Introduction to ZXMP M600
ZTE's independently developed CWDM product, ZXMP M600, in strict compliance with CWDM international standards. It has the following characteristics:
High system integration
- An Optical Terminal Multiplexer (OTM) node formed by a CWU box (1U high) can implement the bidirectional transmission on 4+1 wavelengths. +1 refers to 1310nm Optical Supervision Channel (OSC).
- An Optical Add/Drop Multiplexer (OADM) node formed by a CWU box (1U high) can implement the bidirectional transmission on 2+1 wavelengths.
- A CWU box (6U high) can implement the bidirectional transmission on 18 wavelengths at most.
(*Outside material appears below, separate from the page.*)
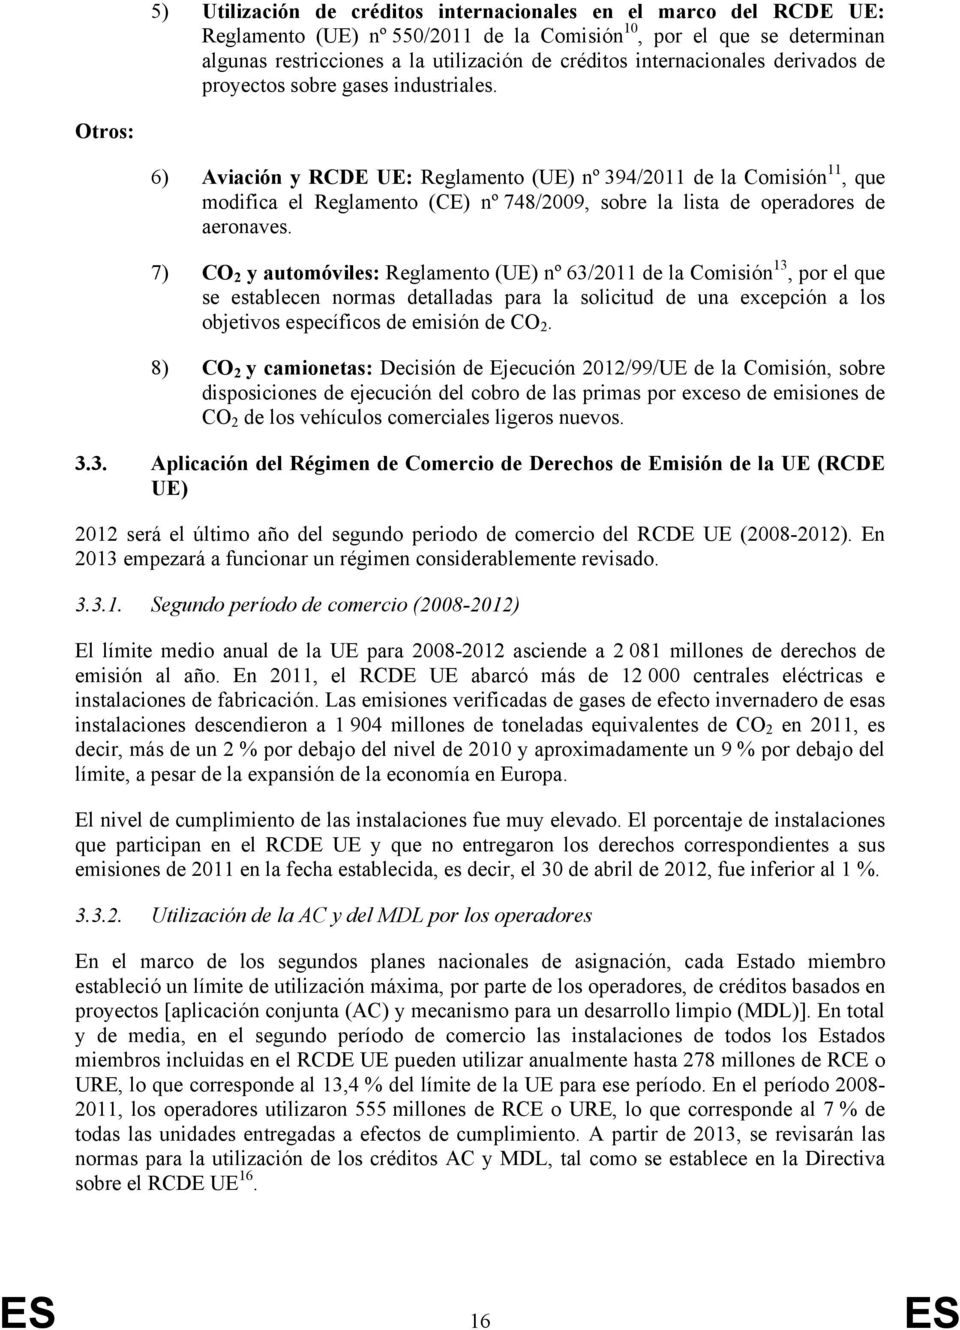 Otros: 6) Aviación y RCDE UE: Reglamento (UE) nº 394/2011 de la Comisión 11, que modifica el Reglamento (CE) nº 748/2009, sobre la lista de operadores de aeronaves.

Powerful transmission and multiservice access
ZXMP M600 supports a transmission capacity of 45Gb/s (2.5Gb/s×18), the highest in the industry. By performing O/E/O wavelength conversion, it converts the accessed optical signals into G.694.2-compliant wavelength signals for output. It can access services of different rates, including STM-1, STM-4 and STM-16, or services of continuous rates (12.5Mbit/s-2.7Gbit/s). It can also converge multiple services, for example, converge 2×GbE into STM-16.
It supports multiple networking applications including chain, ring and tangent ring. With a modular structure, it provides modular upgrade path and supports flexible add/drop of 1 to 18 wavelengths.
It provides optical multiplex section 1+1 protection and optical path 1+1 ring protection.
Complete supervision information transmission function
It provides two pairs of OSC interfaces for 100Base-FX applications and two 10/100M Ethernet interfaces. The ETM board can also offer the electronic supervision channel. The OSC can transmit signals over a distance of 80 km.
Flexible box design
A CWU is 1U high (44 mm) and has 6 board slots. It can be mounted on desk or installed in the 19-inch IEC/ETSI cabinet at front or back. A CWE is 6U high (265.9 mm) and has 18 board slots. It can be installed in the 19-inch IEC/ETSI cabinet at front or back.
Multiple power supply modes
A CWU box supports -48V/-60V DC power supply or 220V (50Hz)/110V (60 Hz) AC power supply. A CWE box supports -48V/-60V DC power supply. Each box provides two power boards for 1+1 hot backup, ensuring reliable power supply of the system.
Except the power and NCP boards, the boards for CWU and CWE support mixed insertion, hot swap, replaceable SFP optical module and front installation. The box fans support hot swap and front installation.
ZXMP M600 Application
As Figure 2 shows, ZXMP M600 is applied to the transmission network reconstruction for the fiber replacement project in a Chinese county. In this fiber replacement project, some access nodes in county network 1 and 2 need to deploy IPTV services, and use GE as DSLAM uplink interface, but the original MSTP network cannot meet such demands. After careful evaluations and tests, the ZXMP M600 was chosen for the transmission network reconstruction. In Figure 2, CWDM rings are built for county network 1 and 2, the original MSTP network transmits services via the CWDM network, and new services from DSLAM are directly converged to the local DWDM network via CWDM wavelengths. The network has been running smoothly since the operation.
When fixed operators are carrying out the fiber replacement strategy, CWDM becomes an important means to solve the bandwidth bottleneck in the transmission network access layer. ZTE's CWDM equipment ZXMP M600, featuring large capacity, high system integration, multi-service access, high performance ratio, has found wide applications in the transmission network reconstruction of various operators such as Shanghai Telecom, PCCW, Zapp Portugal and Wharf T&T. In a word, it has become the best choice for accelerating the installation of fiber in the access network.